In fact, Moroccan Bites got recognized by the San Antonio Express-News which had customers lined up outside their door. They also got a call from the Food Network that really put the business on the map.

"You can not do a Moroccan restaurant in San Antonio.Everybody eats tacos," Elmaroudi said.

Ghafai's daughter had to eat her words because mama's hunch was on the money. Eight years later, Ghafai's six table restaurant now seats 250. Movie stars like Mark Wahlberg have even indulged in their Moroccan eats.

"Moroccan food is lamb, vegetables, chicken, vegetables. It's always vegetables," Elmaroudi said. " It's always stew. It's always roasted or steamed."

Neighborhood Eats got sampled their lamb shank tangine with vegetables. Que Rico!

Kefta Tangine was also on the taste test. It's small lamb meatballs with egg cooked in the center of the dish. If you want to eat it the Moroccan way then break a piece bread, dip using two fingers to sop up gravy and the meat. Wonderful!

Moroccan Bites served Neighborhood Eats a bevy of baklava. These are not overly sweet, at all. These eats are delicious. The varieties are almond, walnut, and pistachio. There are far too many other cookies, cakes, and eclairs to name.

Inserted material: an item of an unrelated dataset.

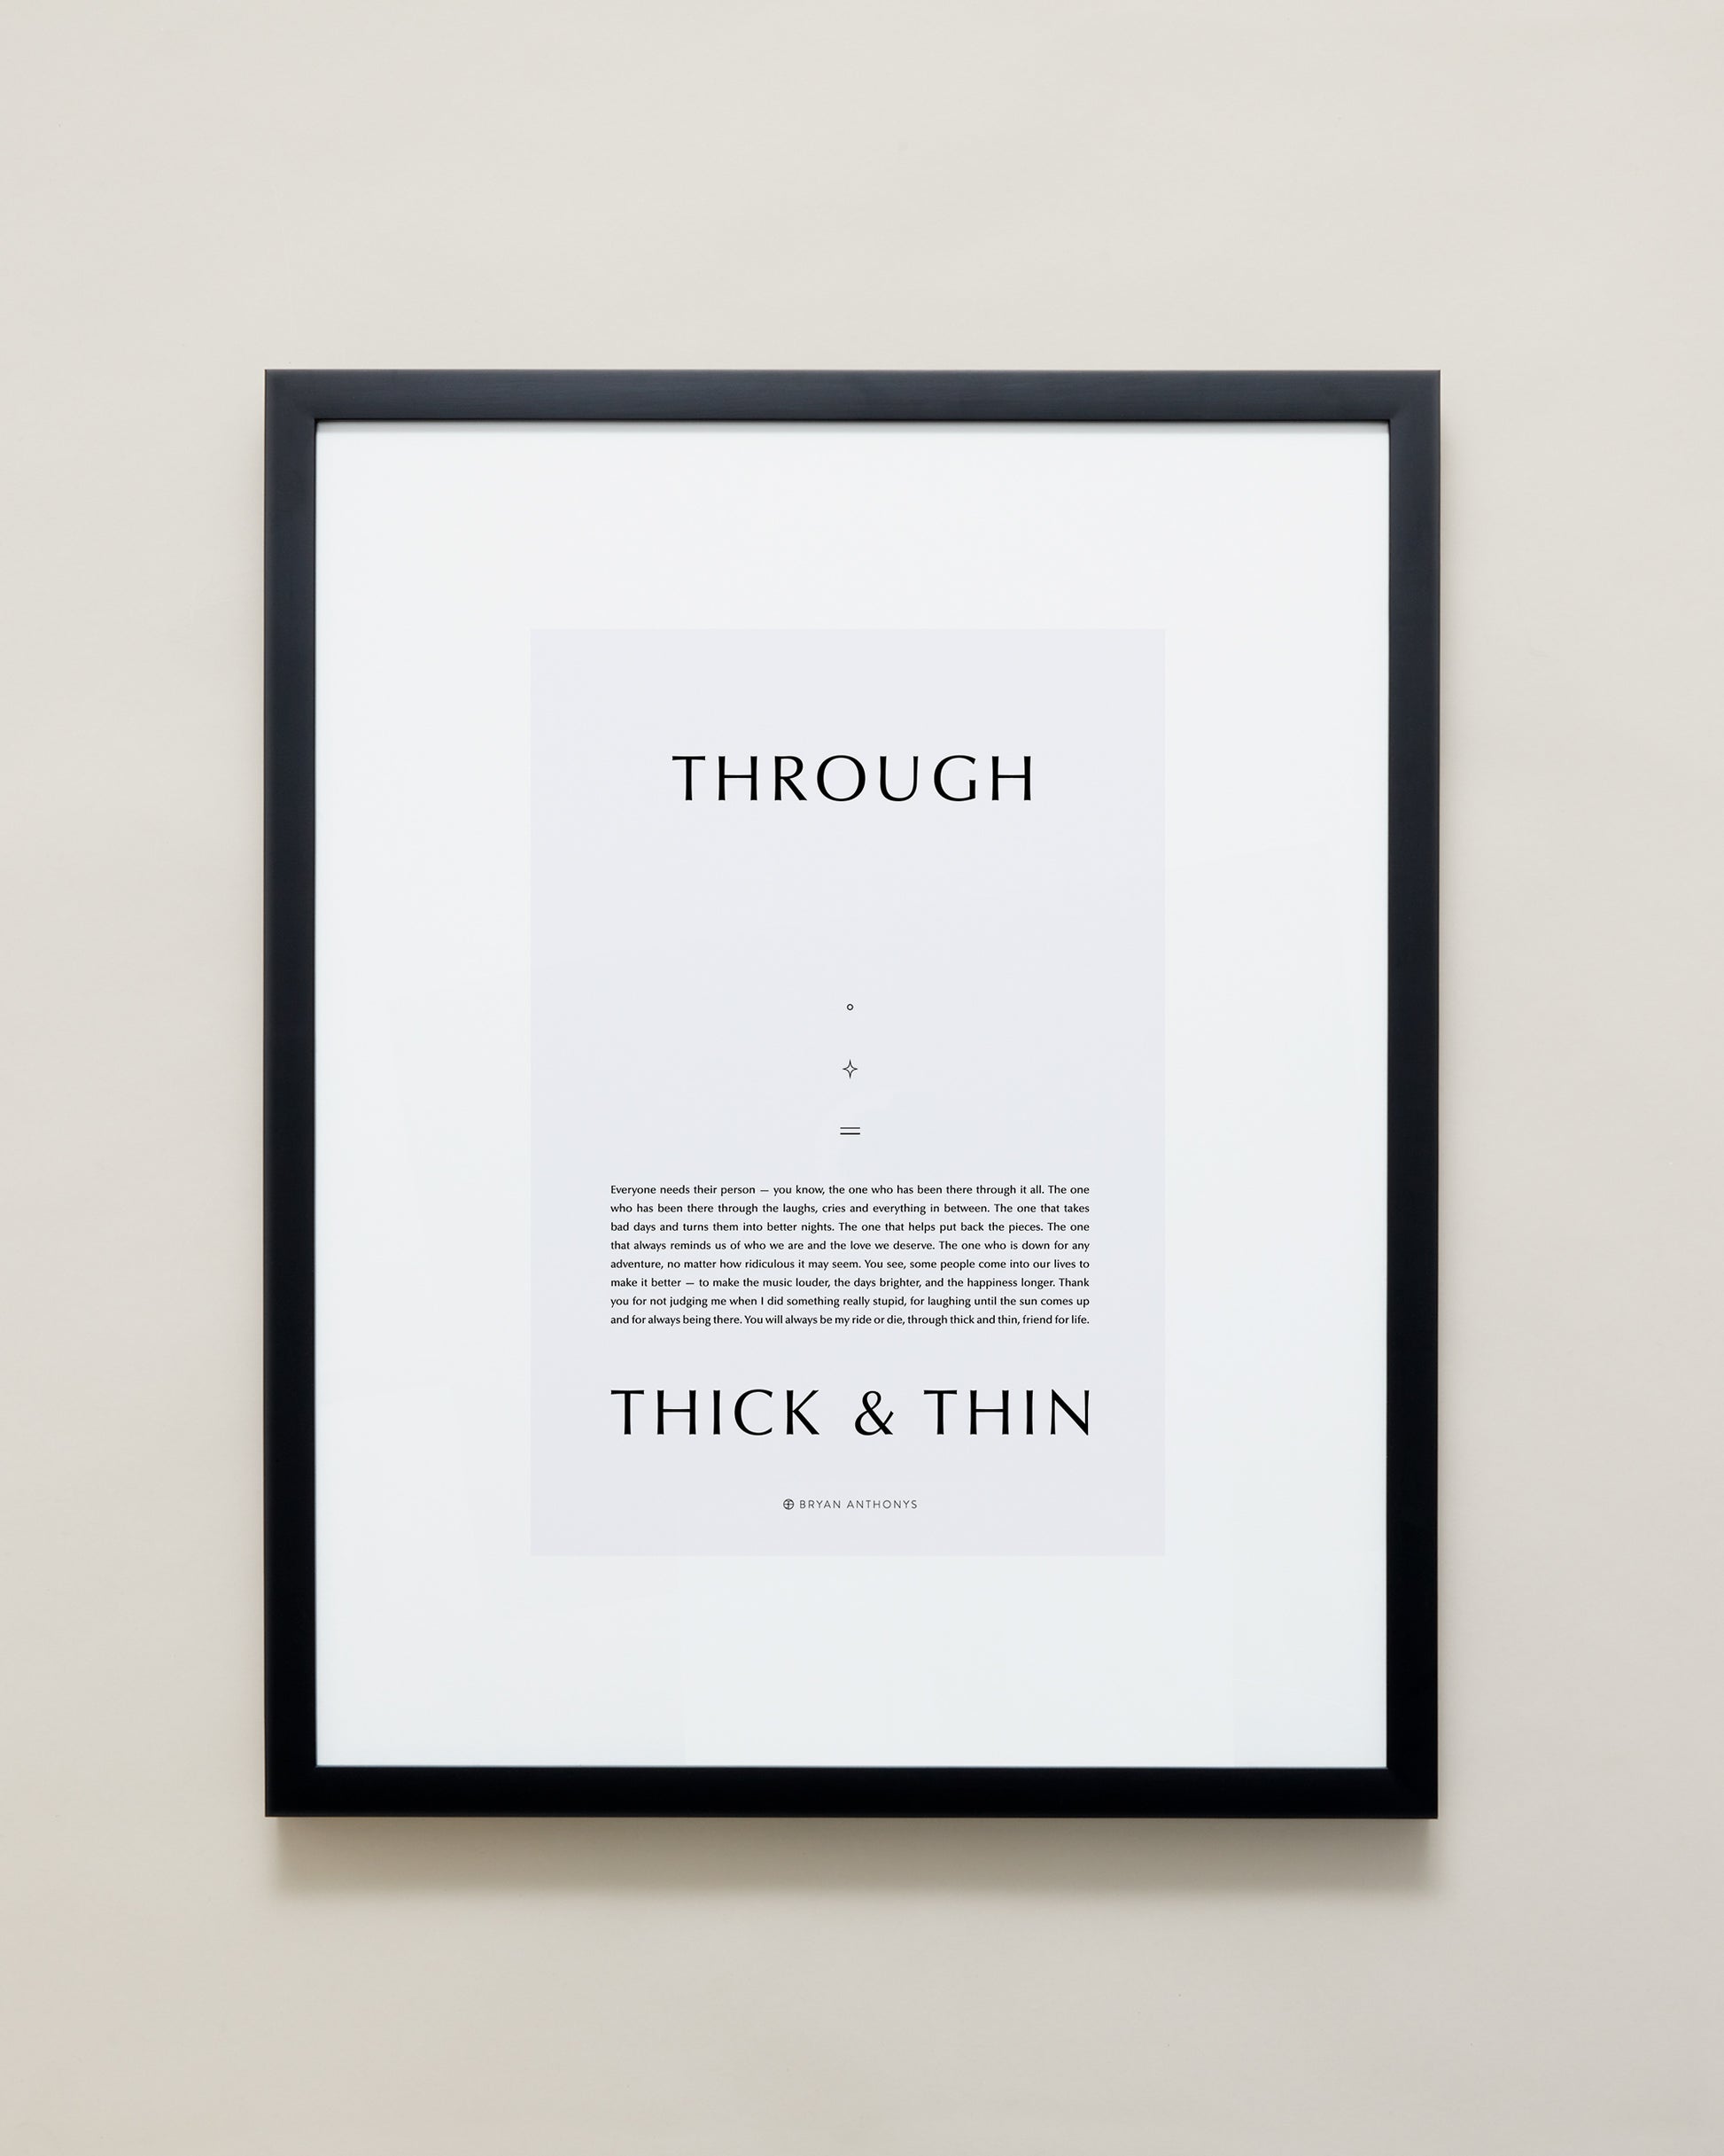 Bryan Anthonys Home Decor Through Thick and Thin Framed Print 16x20 Black with Gray

Neighborhood Eats washed all this food down with refreshing mint tea.

Moroccan Bites Tagine may represent northwestern Africa but the owners make you feel right at home.

Don't see a Moroccan meal on the menu you like? Tell them. They will whip it up for you. No frills or fancy presentations here. Sometimes you want to go where the restaurant serves authenticity.